Okay,
I thought I had this all figured out last night when my dear friend came over and walked me through the whole thing, for the second time. By the time we got to the end, I was cross-eyed with wayy too much information, and realized that if I hadn't taken notes, I would probably never be able to find my way back here, much less remember how to post anything.
But...wonder of wonders, I'm back.
Now, the problem is what the heck to write here? I journal, I write essays, books, short stories, ruminations and rants. I write things to explain how my weird brain works to myself. I write gifts to the people and animals and cats (cats are NOT necessarily animals, just ask them) who help me on this path. I live with four (count em) cats, and everybody has their own opinion about what I should do here.

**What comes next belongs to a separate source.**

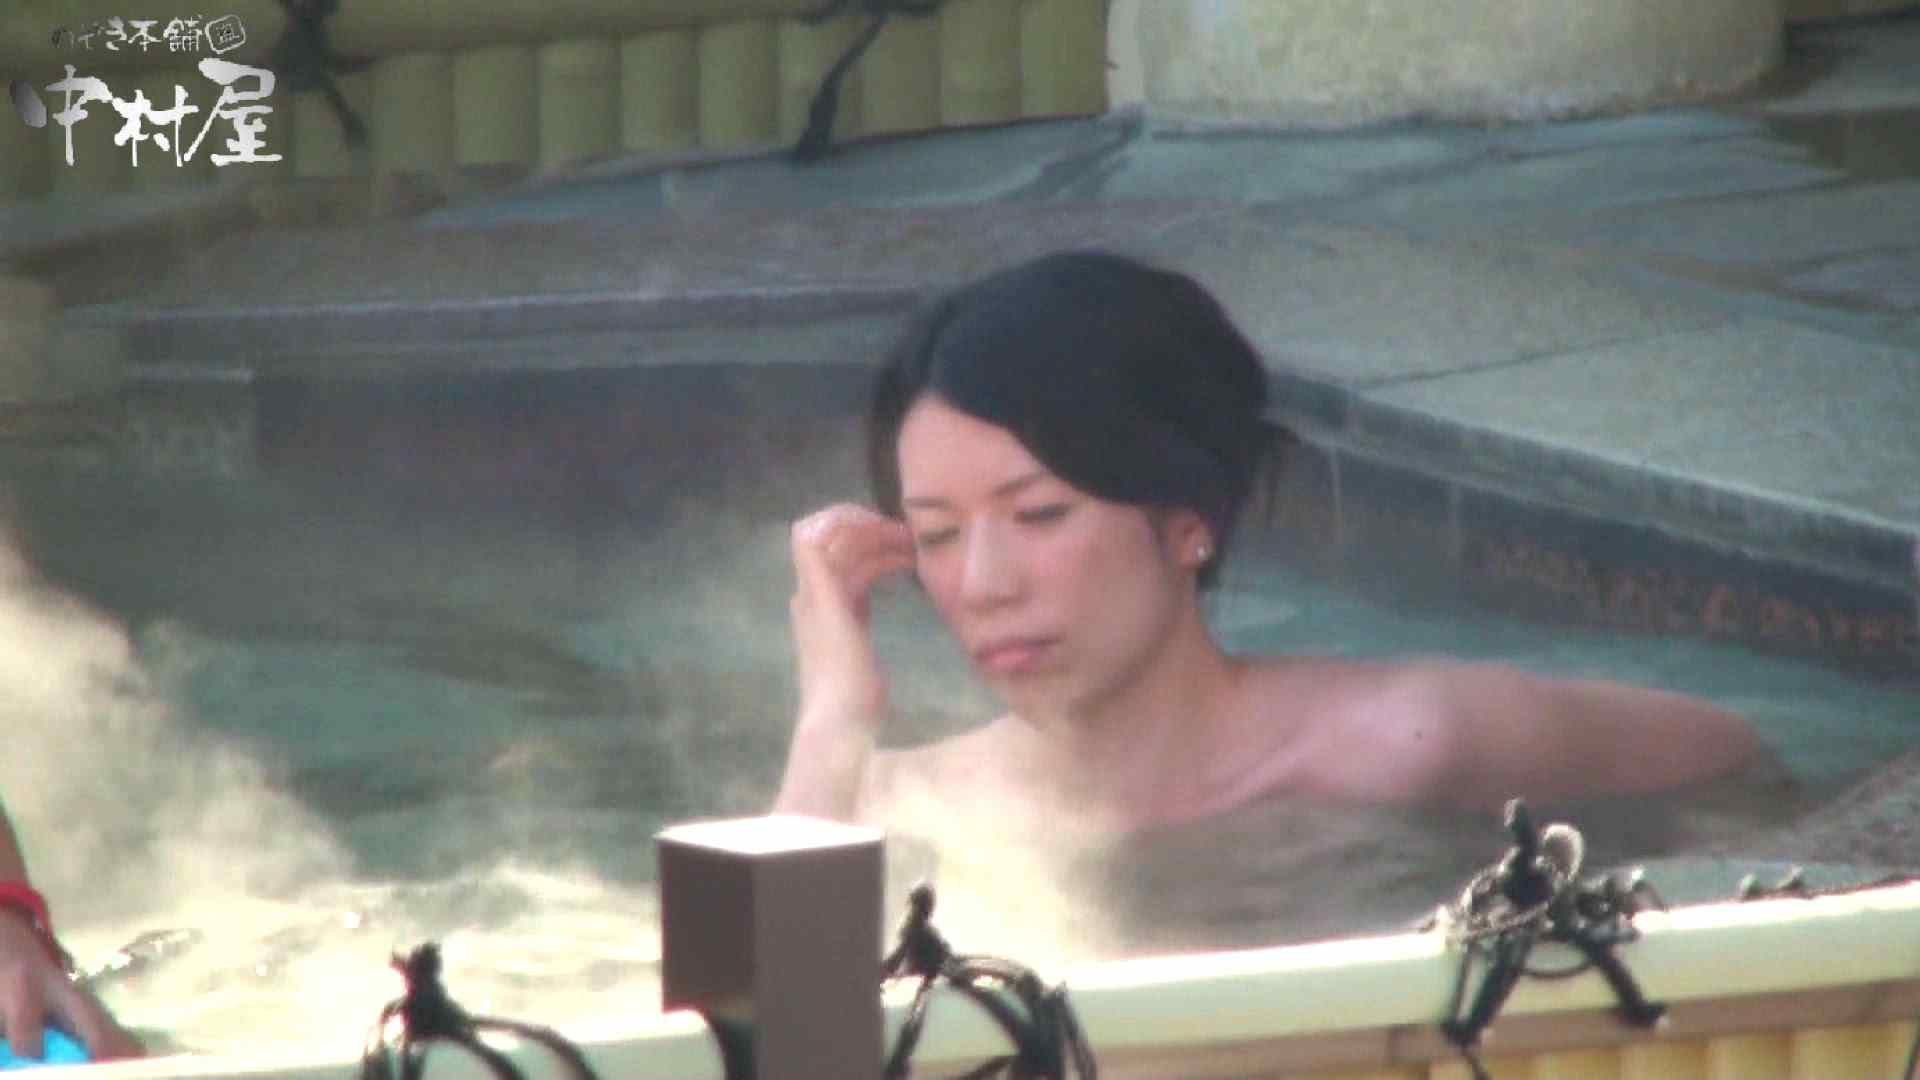 Aquaな露天風呂Vol.919 盗撮 おまんこ無修正動画無料 91連発 59

Now Max (who is at this moment checking out my typing skills) tells me that I should be translating this really important dream he just had. It could change the world! (Well, that's what he says, anyway). While Rocky just wants to get cat fur all over the keys, if that means he can get some uninterrupted face scratching time. If not, he'll just start pulling things off the bulletin board (which is convienently located just to his right) I've told him this is negative attention getting behavior, but he just laughs and rolls over on his back, assuming the most adorable cat in the world pose.
Me, well, I have this rediculous urge to write about writing. Silly me.
The other day, I went to the trailer supply place to order an AC unit and a real refrigerator for my little Scamp trailer so that I can actually go camping in Hilton-like comfort. (what? I asked myself, am I waiting for? Until I'm too old to camp anymore before I deserve all these goodies?) There was a guy in there who wants to be a writer. He would retire from a physically challanging job and make a living writing... I was laughing so hard I dissapeared below the counter. Make a living? Writing? HA!
I know from my own experience, and from the conversations I've had with other writers that: That's not why we write! Writing is an obsession, a drive, a blessing and sometimes a curse (Arrgh! when you're facing the blank page, and thinking about ALL the other really important things you could be doing. i.e. laundry, going to the store, finding out what that annoying clicking noise is, etc) But no, the real job is to just plant your butt in a chair and stare blankly out the window until words actually show up to keep you company. Then, if you're lucky, something magic happens and the words just take off, dragging you along with them like a plastic bag wobbling in the wind, caught on the underside of your car.
I have about a zillion inspiring little notes in my office to keep me in that chair.
For example, "Everybody walks past a thousand story ideas every day. The good writers are the ones who see five or six of them. Most people don't see any."--Orson Scott Card ...or..."Every writer I know has trouble writing."--Joseph Heller
I just got back from a writers conference in Arizona, and even the big guns there said the same thing. Nice to know I'm not alone.
This blocking thing is one of the biggest bitches most writers have. The other one, of course, is GETTING PUBLISHED. (Obsessive lusting after vindication) I've been published a little, but not enough. Is any momentary vindication ever enough? So, since I live in fear of rejection notices (no matter how polite they may be or how much I know even the Beattles got rejected a million times before they got famous) and I ain't gettin' any younger here, I guess this is one place I can damn well sure publish anything I want. Therefore and forthwith, here's todays scribblings. Thank you.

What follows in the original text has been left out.